„Es gibt einen globalen Wettbewerb um die besten politischen Rahmenbedingungen, die Investments anlocken und die Grundlage für eine grüne Wirtschaft legen, die künftigen Wohlstand und Fortschritt sichert.“ Das sagt George Smitherman, Minister für Energie und Infrastruktur und stellvertretender Premierminister von Ontario. Mit einem im Mai verabschiedeten Green Energy Act möchte sich die Provinzregierung „als Führer bei erneuerbaren Energien und Energieeffizienz“ positionieren. In den nächsten drei Jahren sollen 50.000 neue grüne Jobs geschaffen, bis 2015 sechs Gigawatt Energie eingespart und die installierte Leistung erneuerbarer Energien bis 2025 um 25 Gigawatt ausgebaut werden.
Der Green Energy Act setzt hierbei vor allem auf Einspeisetarife nach deutschem Vorbild. Mit gestaffelten Sätzen wird Strom aus Biomasse, Biogas, Deponiegas, Wasserkraft, Wind und Photovoltaik 20 Jahre lang vergütet, die Kosten hierfür werden auf die Stromverbraucher umgelegt. Die vorgesehenen Vergütungssätze für PV sind vor allem bei kleinen Dachanlagen Weltspitze: Strom von Dachanlagen bis zu einer Leistung von zehn Kilowattstunden soll mit 80 kanadischen Cent pro Kilowattstunde vergütet werden (51 Euro-Cent).

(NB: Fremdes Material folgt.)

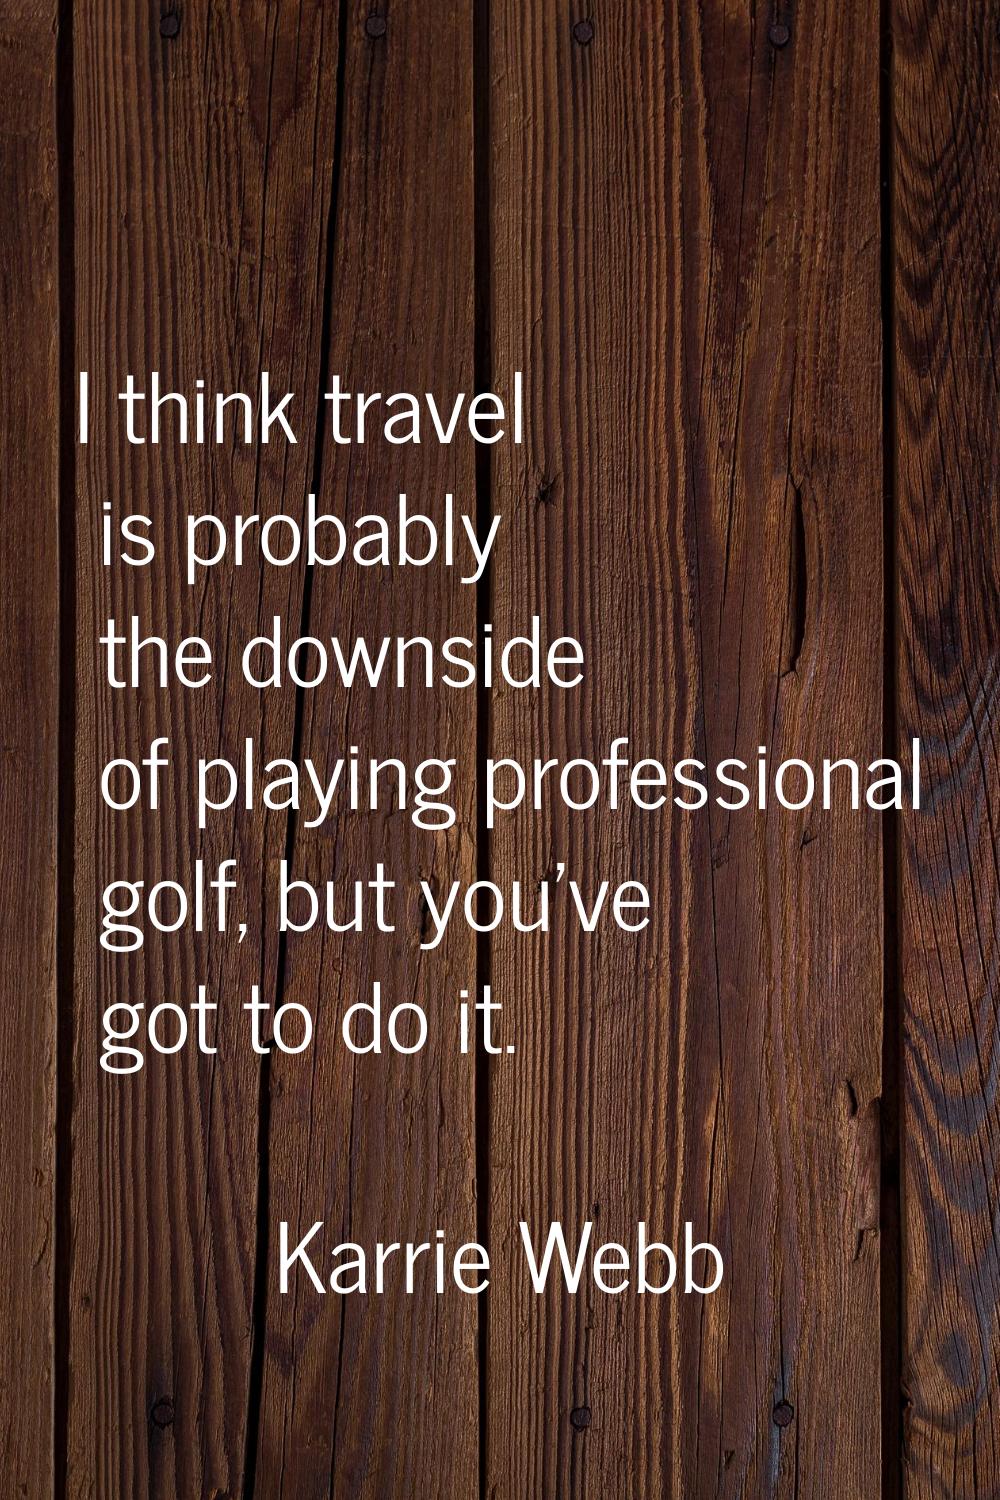 I think travel is probably the downside of playing professional golf, but you've got to do it.

Die Solarstromvergütung größerer Dachanlagen soll pro Kilowattstunde zwischen 71 und 54 kanadischen Cent liegen, die vorgesehene Vergütung für Freiflächenanlagen bei 44 kanadischen Cent (29 Euro-Cent) und damit etwas unter deutschem Niveau. Doch wird dies durch die höhere solare Einstrahlung wieder aufgefangen: In weiten Teilen Ontarios scheint die Sonne 10 bis 15 Prozent häufiger als in Süddeutschland.
Seit Mitte März diskutiert die Ontario Power Authority (OPA) Details der vorgesehenen Einspeisetarife mit Interessenvertretern. „Der Prozess läuft sehr transparent und offen ab“, lobt nicht nur Torsten Scholl, Vorstand der Omniwatt AG. Das Düsseldorfer Unternehmen hat seit 2007 eine Niederlassung in Ontario und plant dort Freiland- und Dachprojekte mit einer Leistung von 30 Megawatt. Seit Wochen beteiligt sich der Vorstand des deutsch-kanadischen Projektierers zusammen mit anderen Solarbranchenvertretern an den öffentlichen Anhörungen. Aufgrund der Lobbyarbeit verbesserte die Regulierungsbehörde in etlichen Punkten die Förderbedingungen für Photovoltaik. So sollen nach dem aktuellen Vorschlag der OPA Freiflächenanlagen mit einer Leistung bis zu zehn Kilowatt dieselbe Vergütung erhalten wie entsprechende Dachanlagen. Mittelgroße Dachanlagen zwischen 100 und 250 Kilowatt Leistung sollen dieselbe Vergütung wie kleinere Anlagen ab zehn Kilowatt bekommen.
Mitte Mai zog die OPA ihren Vorschlag zurück, für Freiflächenanlagen schon ab einer beantragten Gesamtkapazität von 100 Megawatt installierter Leistung eine Degression von neun Prozent einzuführen. „Dies hätte den Markt für Freiland-PV schon im Keim erstickt“, sagt Jürgen Deffner, Geschäftsführer der Refergy GmbH, die seit 2006 mit einer Niederlassung in Ontario präsent ist und dort Solarparks mit einer Leistung von 115 Megawatt plant. Die Vergütung von Freiflächenanlagen soll nun wie für alle anderen Anlagen alle zwei Jahre von der OPA überprüft werden. Für Freilandanlagen, die von indigenen Gruppen (Aboriginals) betrieben werden, ist ein Bonus von 0,015 Cent pro Kilowattstunde geplant, für Freilandanlagen von sonstigen Gemeinschaften (Communities) ein Zuschlag von 0,010 Cent.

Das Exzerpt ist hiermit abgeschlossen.